• [DESCRIPTION OF THE TASK] Exactly as written, set down each line of the data below except its pictures.

• [INFORMATION SUPPLIED]
════════════════════
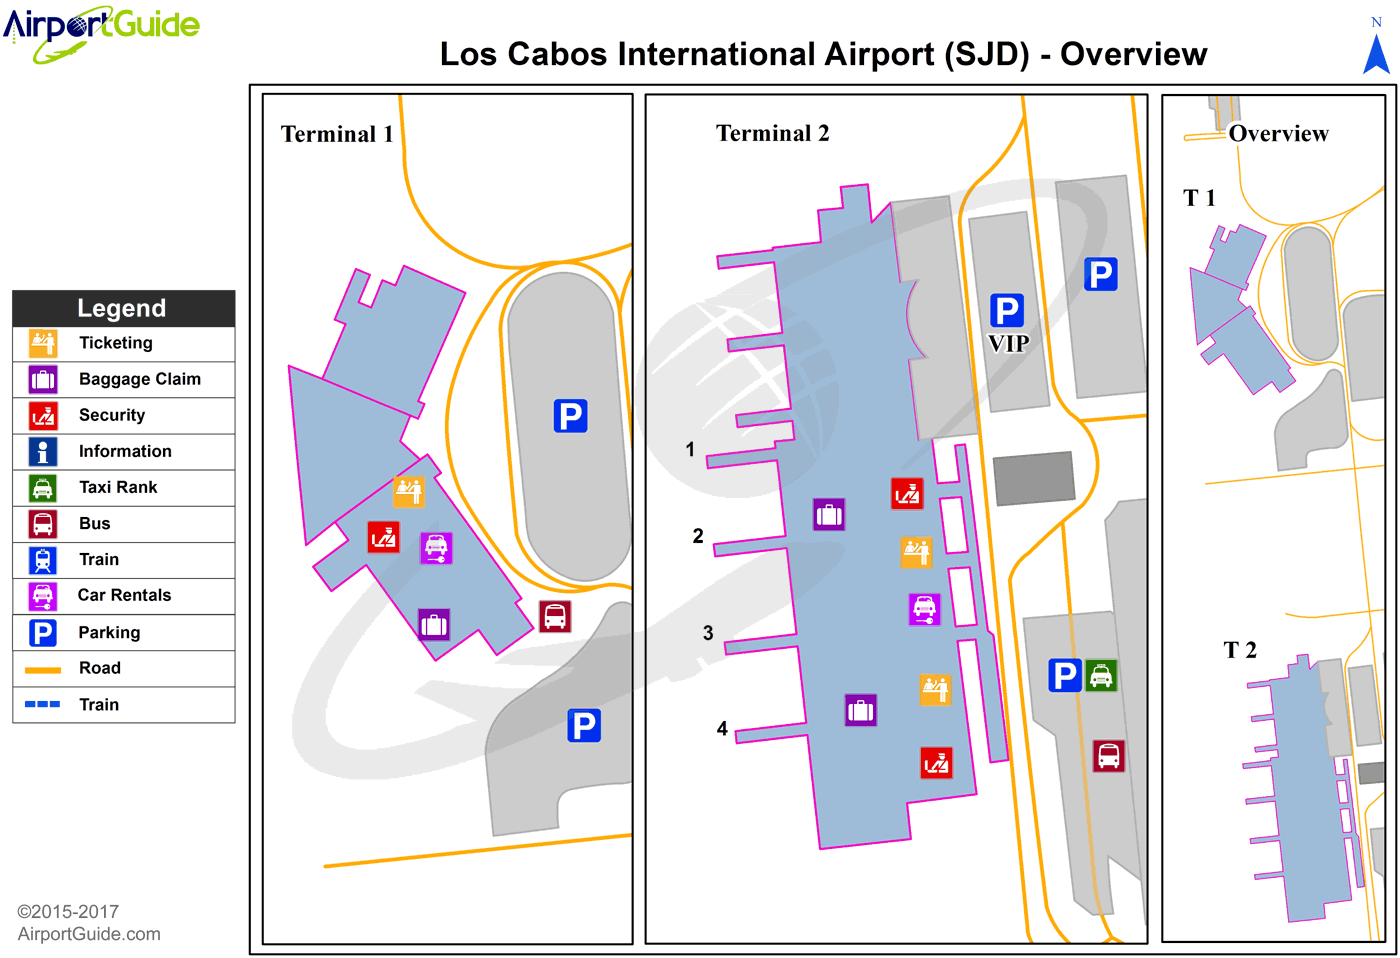 San José del Cabo - Los Cabos International (SJD) Airport Terminal Map - Overview
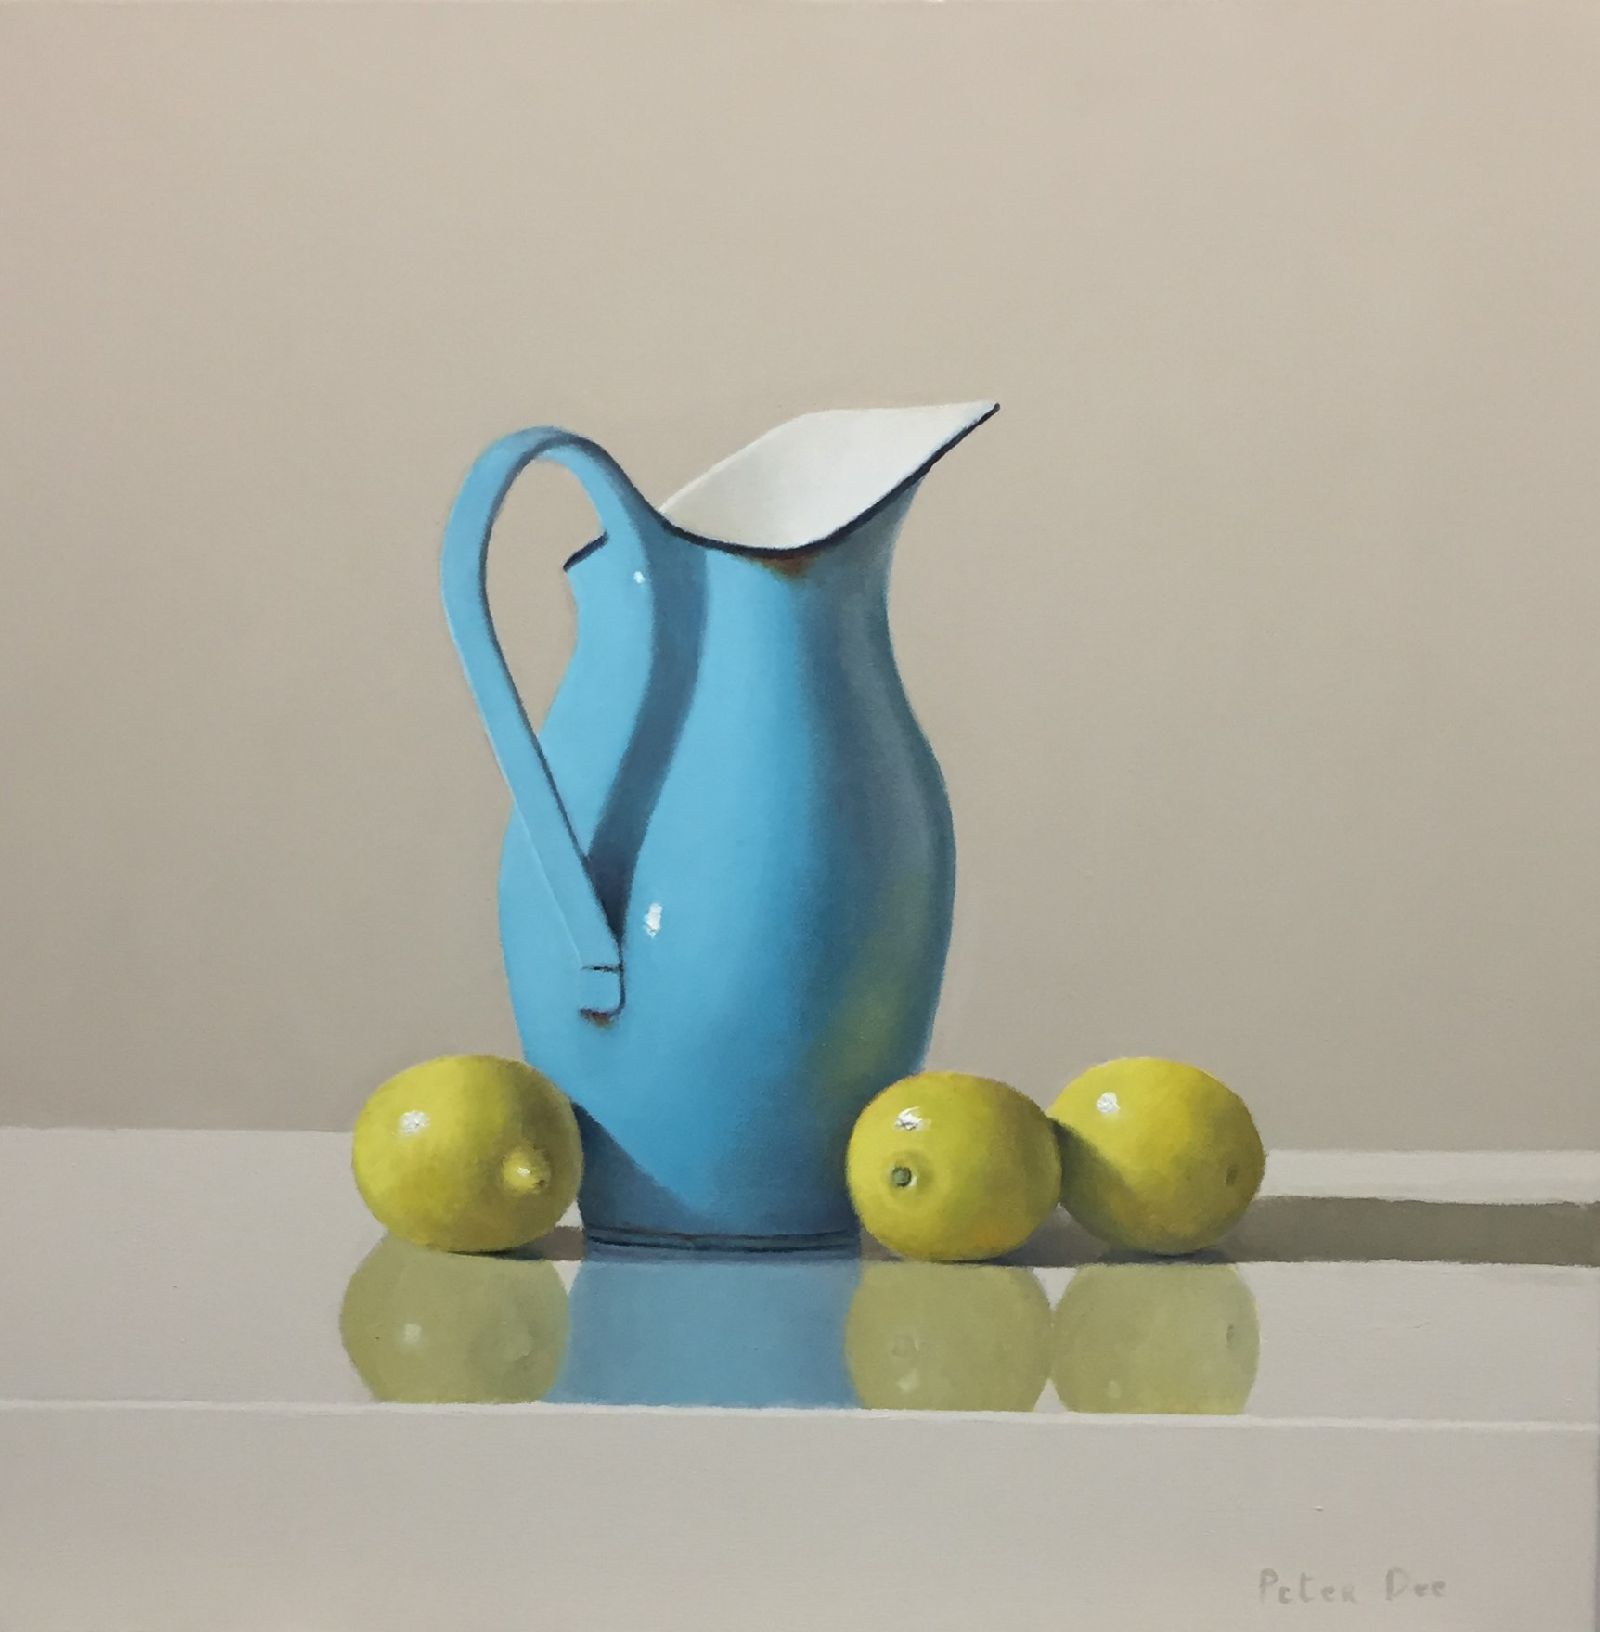 Turquise Enamelware with Lemons by Peter Dee
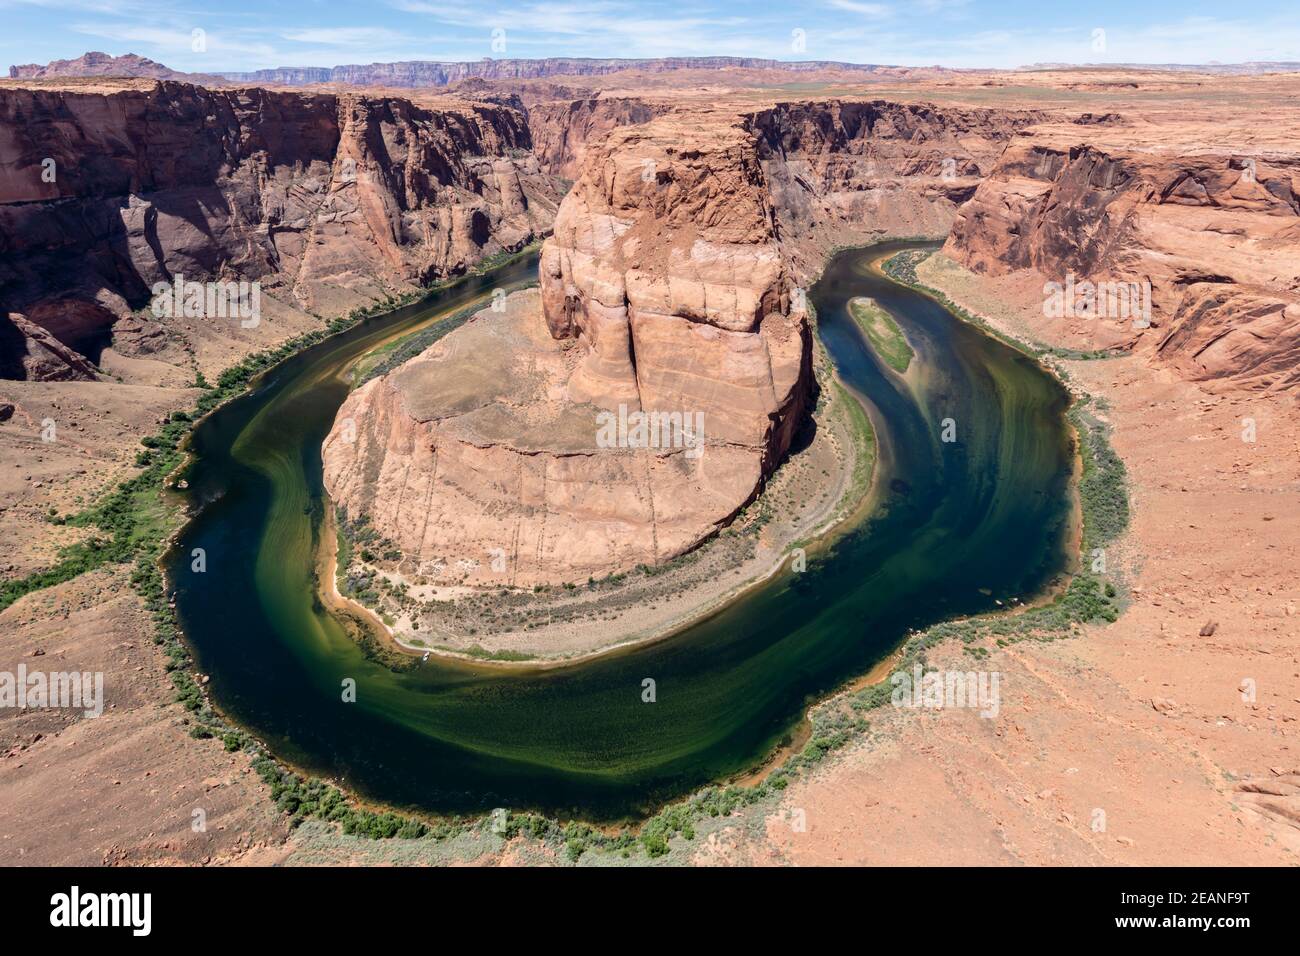 Horseshoe Bend am Colorado River, Glen Canyon National Recreation Area, Arizona, Vereinigte Staaten von Amerika, Nordamerika Stockfoto
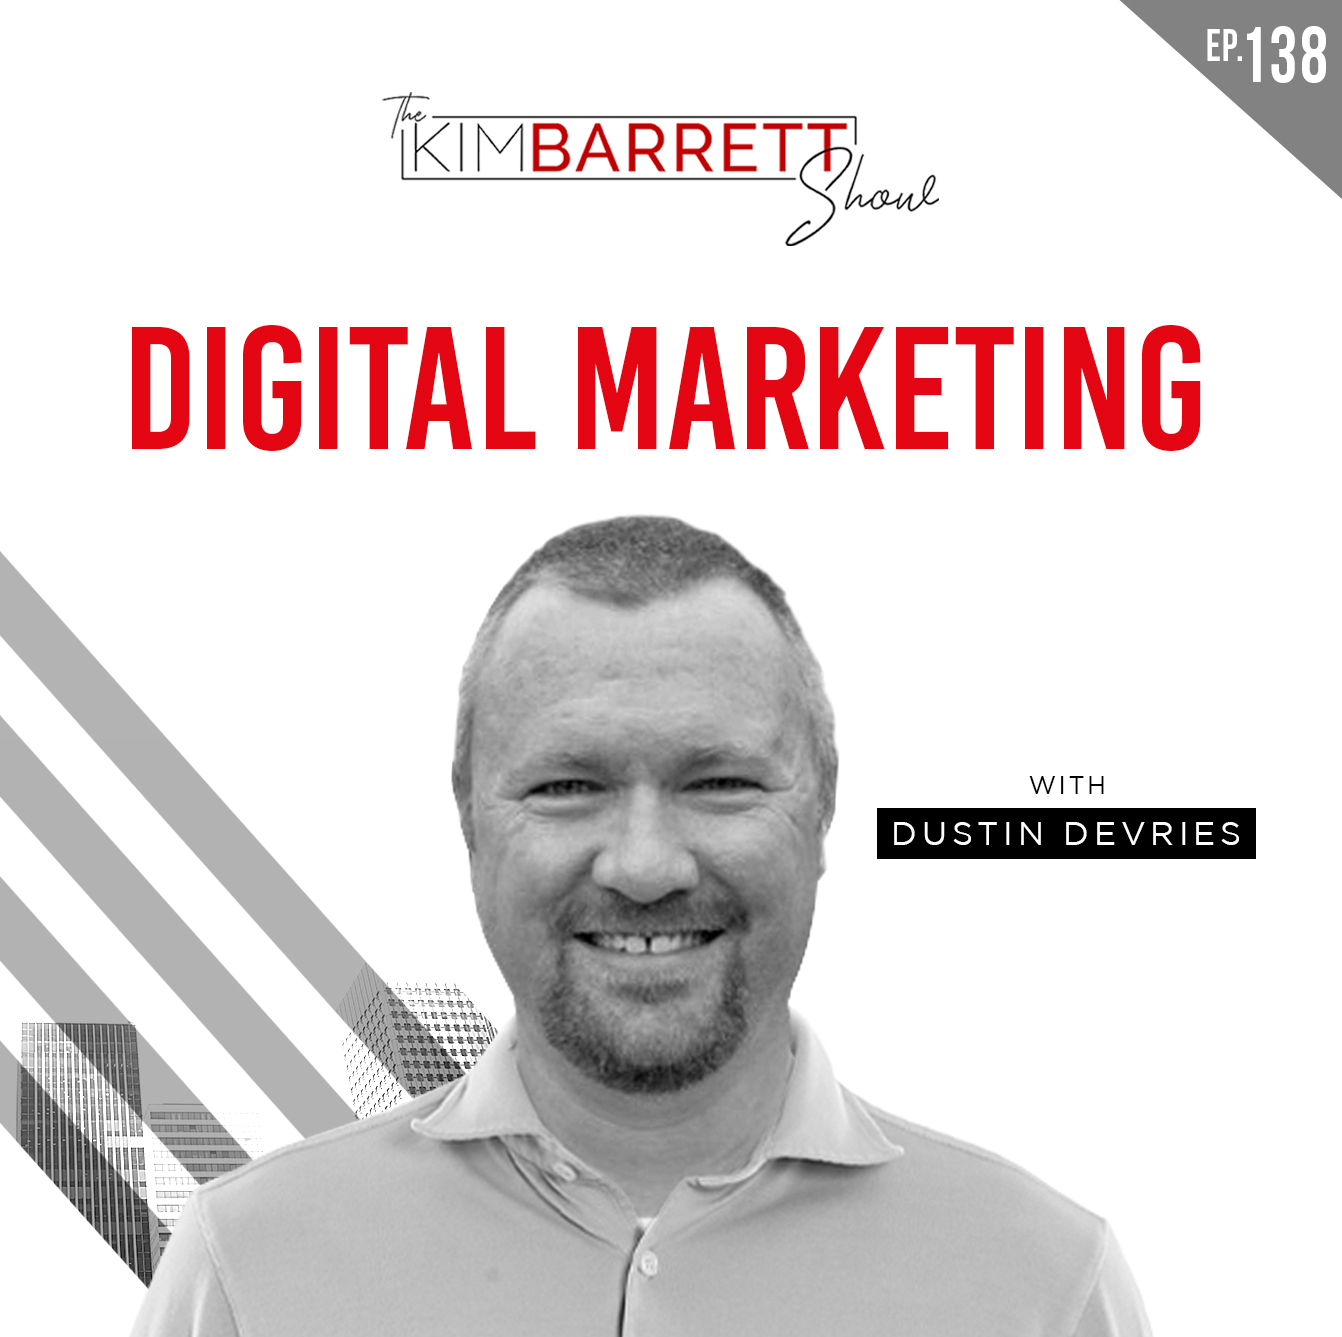 Digital Marketing With Dustin Devries
════════════════════
• [EXERCISE RESULT]
 San José del Cabo - Los Cabos International (SJD) Airport Terminal Map - Overview
 Turquise Enamelware with Lemons by Peter Dee
 Horseshoe Bend am Colorado River, Glen Canyon National Recreation Area, Arizona, Vereinigte Staaten von Amerika, Nordamerika Stockfoto
 Digital Marketing With Dustin Devries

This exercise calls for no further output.